Когда я в очередной раз заболевал или если погода оставляла желать лучшего, меня оставляли дома под присмотром старшей сестры. Папа с мамой, надев глубокие калоши и раскрыв зонтики, отправлялись на паломничество вдвоем. Чтобы я не капризничал, Соня читала мне вслух книгу «Двести оперных либретто». В особенно драматических местах она то повышала голос, то переходила на шепот, представляя себя на театральных подмостках; любимые арии исполнялись целиком. «Действие происходит в Индии, — читала Соня, — у стен индуистского храма. Появляется группа английских офицеров с дамами, влекомая любопытством. Всех поражает красота сада, окружающего храм. Вскоре они уходят; лишь один из офицеров, по имени Джеральд, несмотря на предостережения своего друга Фредерика, остается, чтобы сделать несколько карандашных набросков. В это время поодаль появляется Лакме, любимая дочь жреца Нилаканта, снедаемого ненавистью к англичанам…» Здесь имелась иллюстрация; подпись под ней гласила: «Поодаль появляется Лакме». Текст был стилизован под восточную вязь, что придавало строчке особый дополнительный смысл. Двойное «о» в «поодаль» глядело, как таинственное всевидящее око (два всевидящих ока), другие буквы тоже о многом говорили: те превращались в злобно изогнутые буйволиные рога, эти — в кружащих над скорой добычей стервятников. Подпись давала больному ребенку не меньший простор для воображения, чем взрослому меломану — сама опера… Появляется Нилакант. Отец уводит Лакме в сторону базара. «Он требует, чтобы Лакме пела. Так жрец надеется привлечь внимание ее тайного возлюбленного-англичанина, возможно, прогуливающегося по базару». Привлечь внимание — и раскрыть тайну! Коварный Нилакант! Знойное раздолье базара, грозное «з-з-з» наточенных кинжалов и раскатистое «р-р-р» восточных торговцев еще раздавались в моих ушах, в моем маленьком мозгу, пытавшемся установить связь между звучанием слова и сутью, а Соня уже объявляла, как конферансье: «Ария с колокольчиками»,
Опера окончена. На крыльце черного хода слышатся шарканье и шуршание — мама и папа отряхиваются, как только что выкупавшиеся псы: наши верные королевские далматинцы, наши спасатели- сенбернары. Раскрытые зонты — в ванную комнату на просушку. Что мы тебе принесли, угадай, Натан? Вы принесли мне, прошлепав под ветром и дождем пять миль, чувство семьи — вместе с баночкой тушеной капусты от бабушки Цукерман и штруделем[64] в обувной коробке от бабушки Акерман: кое-что покушать для бедного Натана, пусть будет счастлив и здоров и живет до ста двадцати лет. Наступает вечер. Мы все в гостиной. Сестра, привыкшая быть на виду, разрабатывает голос, стоя в центре комнаты; медальон восточного стиля поднимается и опускается вместе с грудью. Отец читает в «Санди Энкуайер» военные сводки. Мама что ни час касается губами моего лба: и нежный поцелуй, и внимательная проверка температуры. А я блаженно бездельничаю на софе, как одалиска. Выходной день — каждый раз лучший из всех с той поры, как выходные вообще появились в человеческом обиходе!

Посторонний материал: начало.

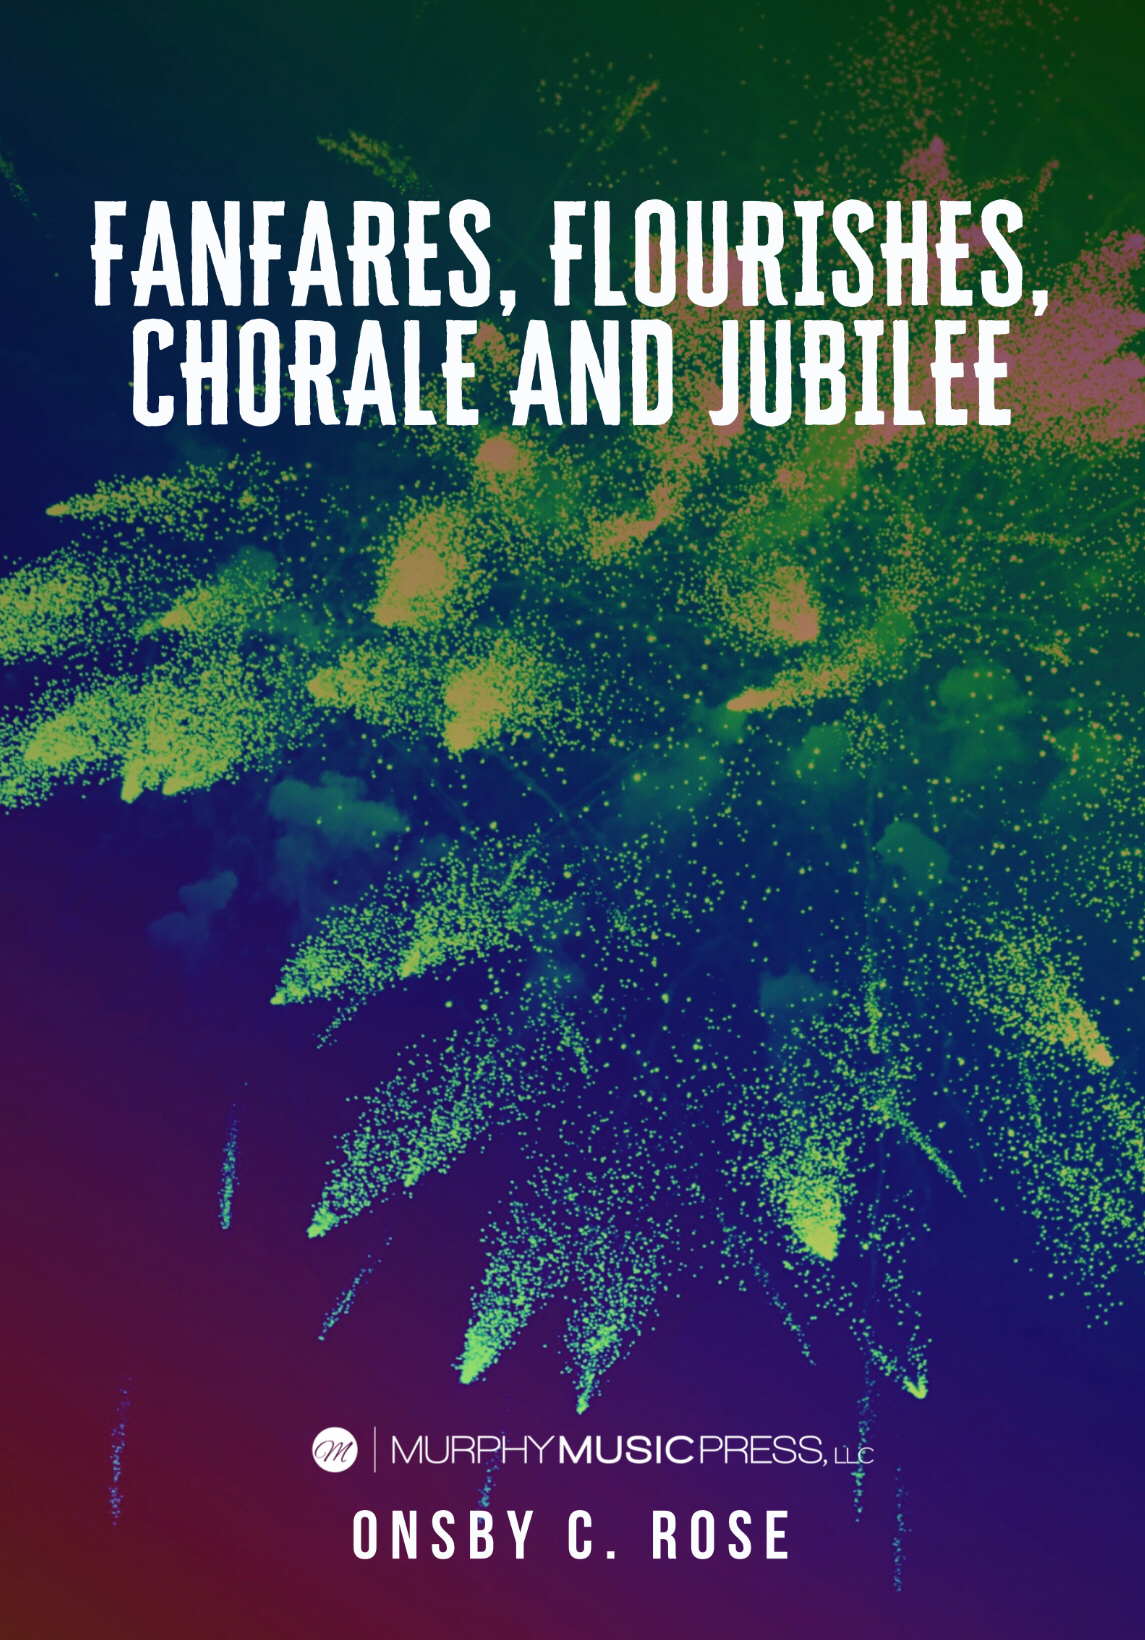 Fanfares, Flourishes, Chorale, And Jubilee by Onsby C. Rose

Можно представить, до чего тошнотворно выглядели на фоне этих незабытых (и незабываемых) подробностей, запечатленных в памяти с детства (по которому я не испытываю никакой особой ностальгии), воскресенья семейства Кеттереров! В нашей истинно дружной семье, атмосферой которой были любовь и покой, все с заботой думали обо всех; здесь же царила постоянная, демонстративная и до скуки мелочная враждебность. Мне никогда не приходилось наблюдать казнь на электрическом стуле.

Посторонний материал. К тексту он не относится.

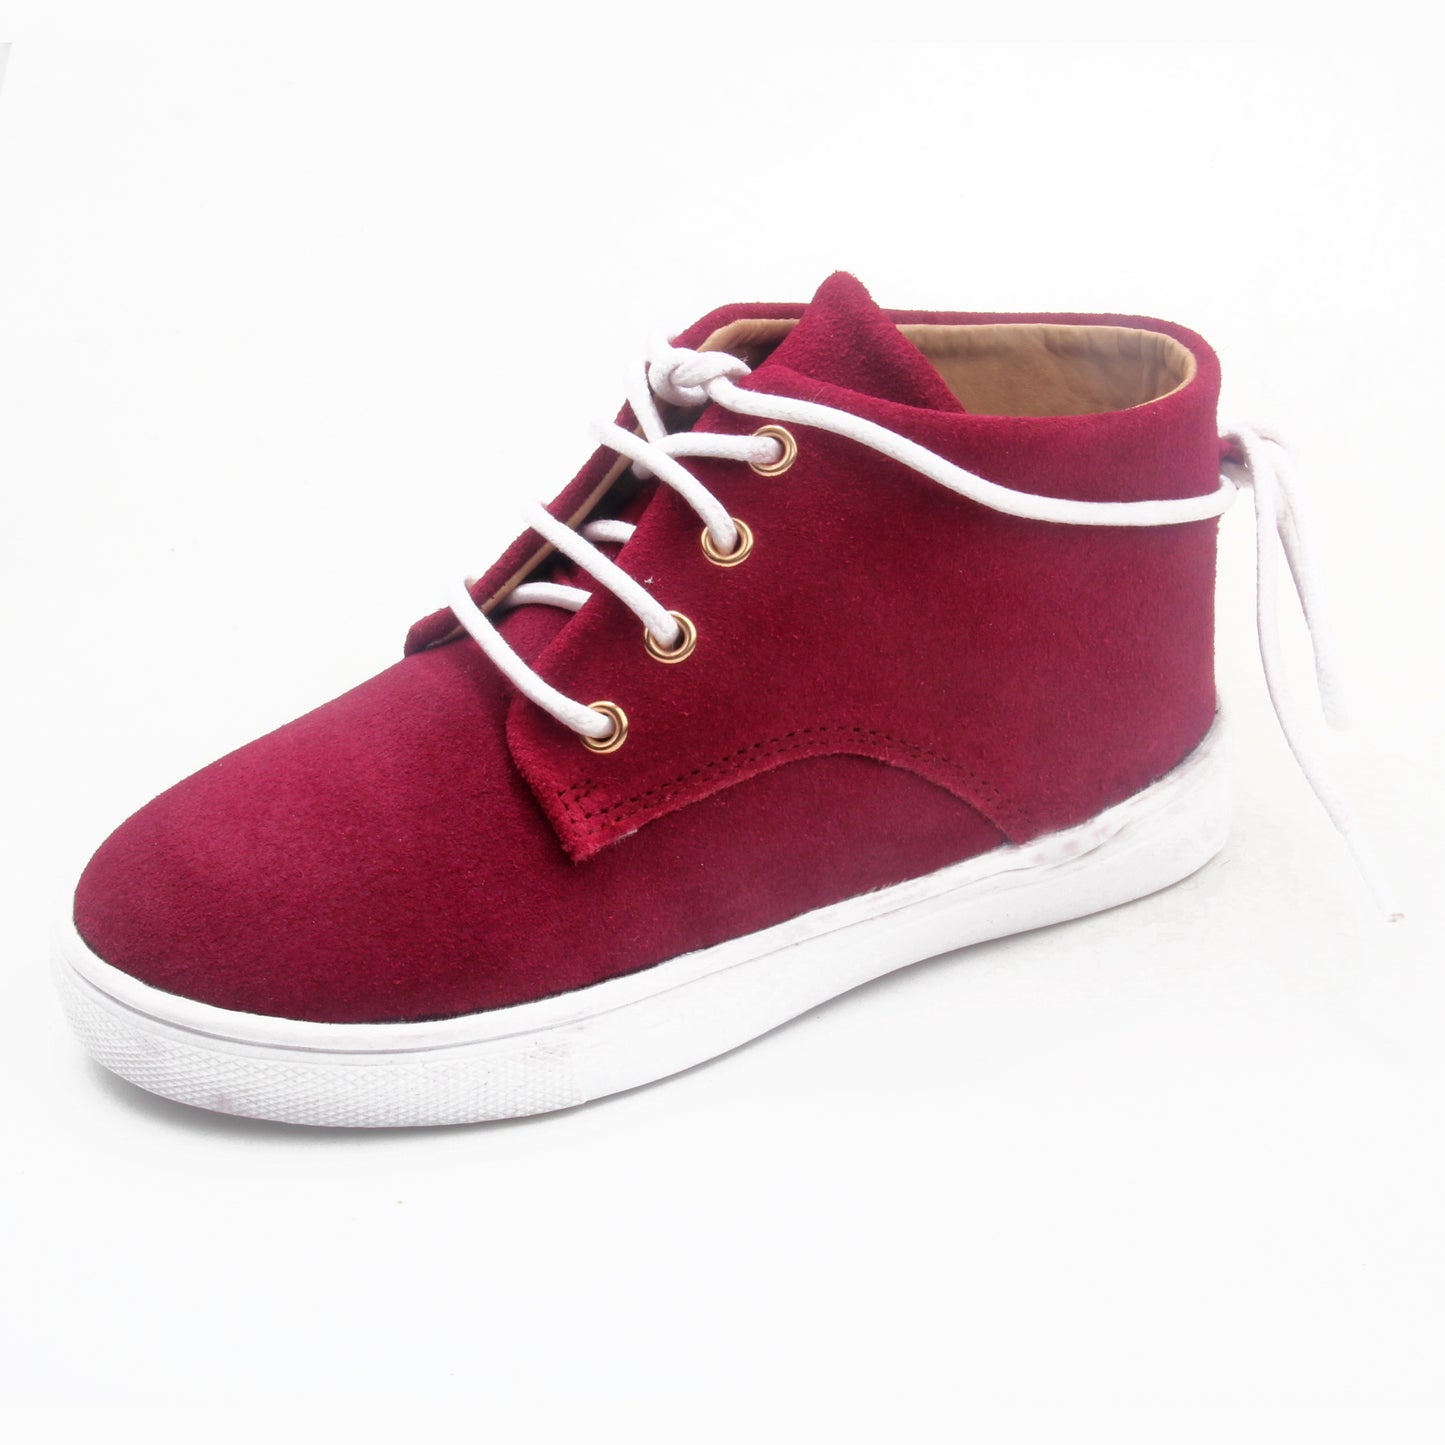 WILD CHASE - Maroon | Gelato Suede Leather Sneaker

Но, кажется, я знаю, что почувствовал бы, случись такое. Воскресенье за воскресеньем я глядел, как люди сжигают друг другу жизнь, и каждое воскресенье испытывал содрогание, ибо был соглядатаем казни. Глупый, надломленный, невежественный ребенок, Моника Кеттерер не знала, где у нее правая, где левая рука; не могла определить время по часам; затруднялась прочесть уличную афишу или название конфет на коробке; для того, чтобы осилить хотя бы слог, ей приходилось прилагать усилия, сопоставимые с напряжением альпиниста, штурмующего вершину Джомолунгмы. Моника. Лидия. Юджин. «Что общего у меня с этими людьми?» — спрашивал я. То, что я нахожусь среди них. И иного мне не дано. Разве у меня есть выбор?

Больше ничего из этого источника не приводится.